A comparative study on the performance of several ensemble methods with low subsampling ratio

  • Authors:
  • Zaman Faisal;Hideo Hirose

  • Affiliations:
  • Kyushu Institute of Technology, Iizuka-shi, Fukuoka, Japan;Kyushu Institute of Technology, Iizuka-shi, Fukuoka, Japan

  • Venue:
  • ACIIDS'10 Proceedings of the Second international conference on Intelligent information and database systems: Part II
  • Year:
  • 2010

Quantified Score

Hi-index 0.00

Visualization

Abstract

In ensemble methods each base learner is trained on a resampled version of the original training sample with the same size. In this paper we have used resampling without replacement or subsampling to train base classifiers with low subsample ratio i.e., the size of each subsample is smaller than the original training sample. The main objective of this paper is to check if the scalability performance of several well known ensemble methods with low subsample ratio are competent and compare them with their original counterpart. We have selected three ensemble methods: Bagging, Adaboost and Bundling. In all the ensemble methods a full decision tree is used as the base classifier. We have applied the subsampled version of the above ensembles in several well known benchmark datasets to check the error rate.

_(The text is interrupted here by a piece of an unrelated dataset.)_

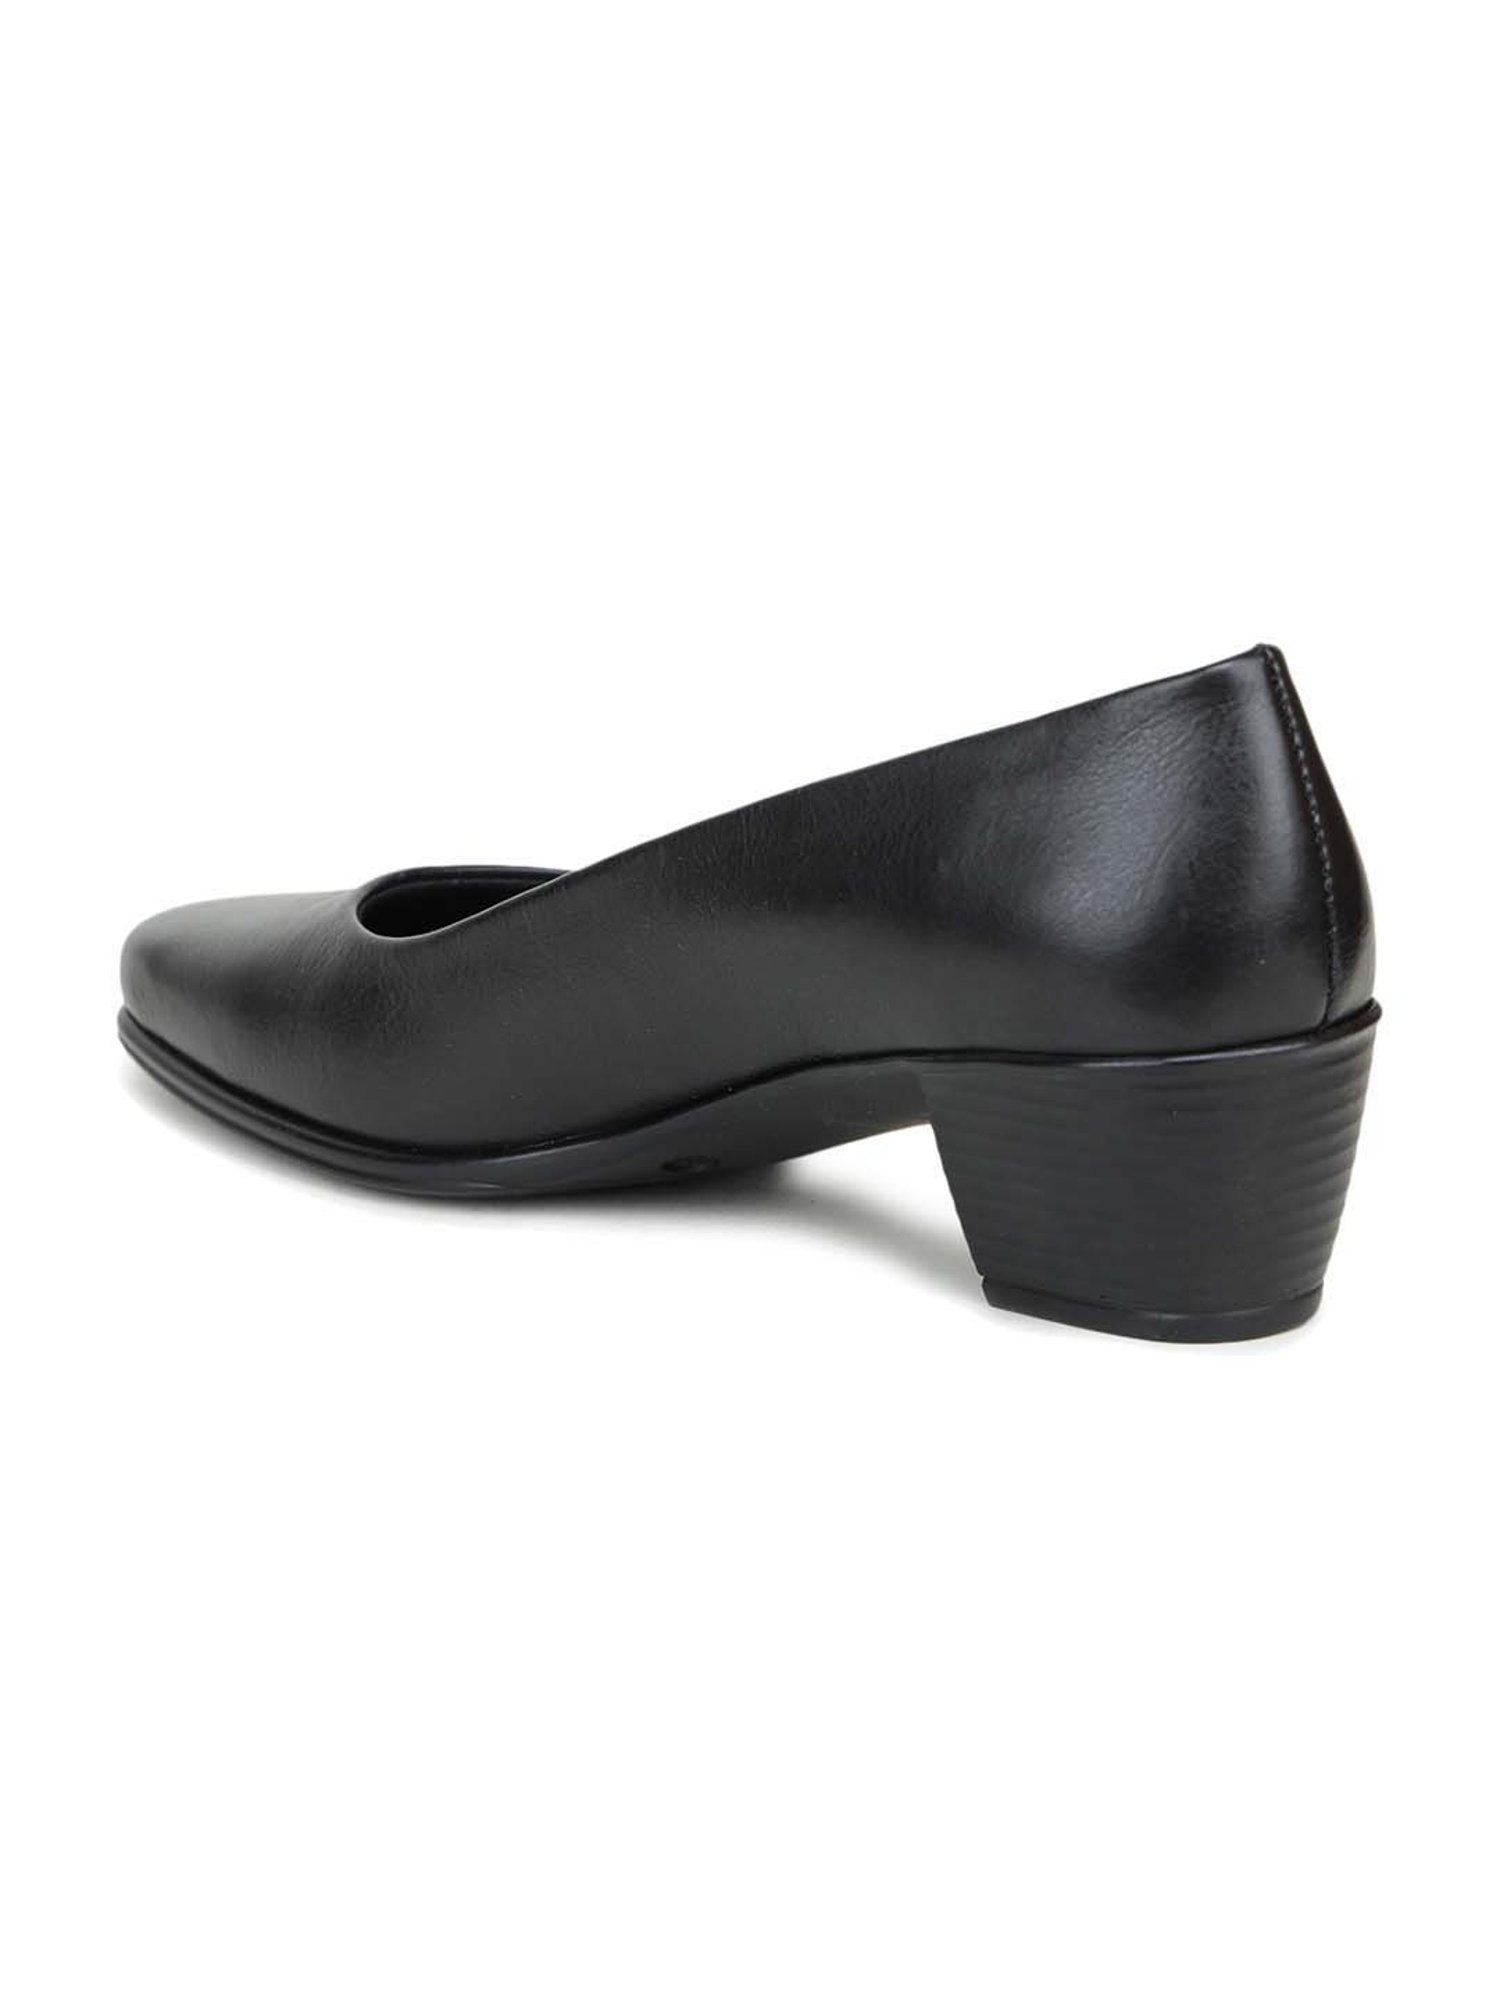 Black White Lace Up Vintage High Heels Oxfords Dress Shoes

We have also checked the time complexity of each ensemble method with low subsampling ratio. From the experiments, it is apparent that in the case of bagging and adaboost with low subsampling ratio for most of the cases the error rate is inversely related with subsample size, while for bundling it is opposite. Overall performance of the ensemble methods with low subsampling ratio from experiments showed that bundling is superior in accuracy with low subsampling ratio in almost all the datasets, while bagging is superior in reducing time complexity.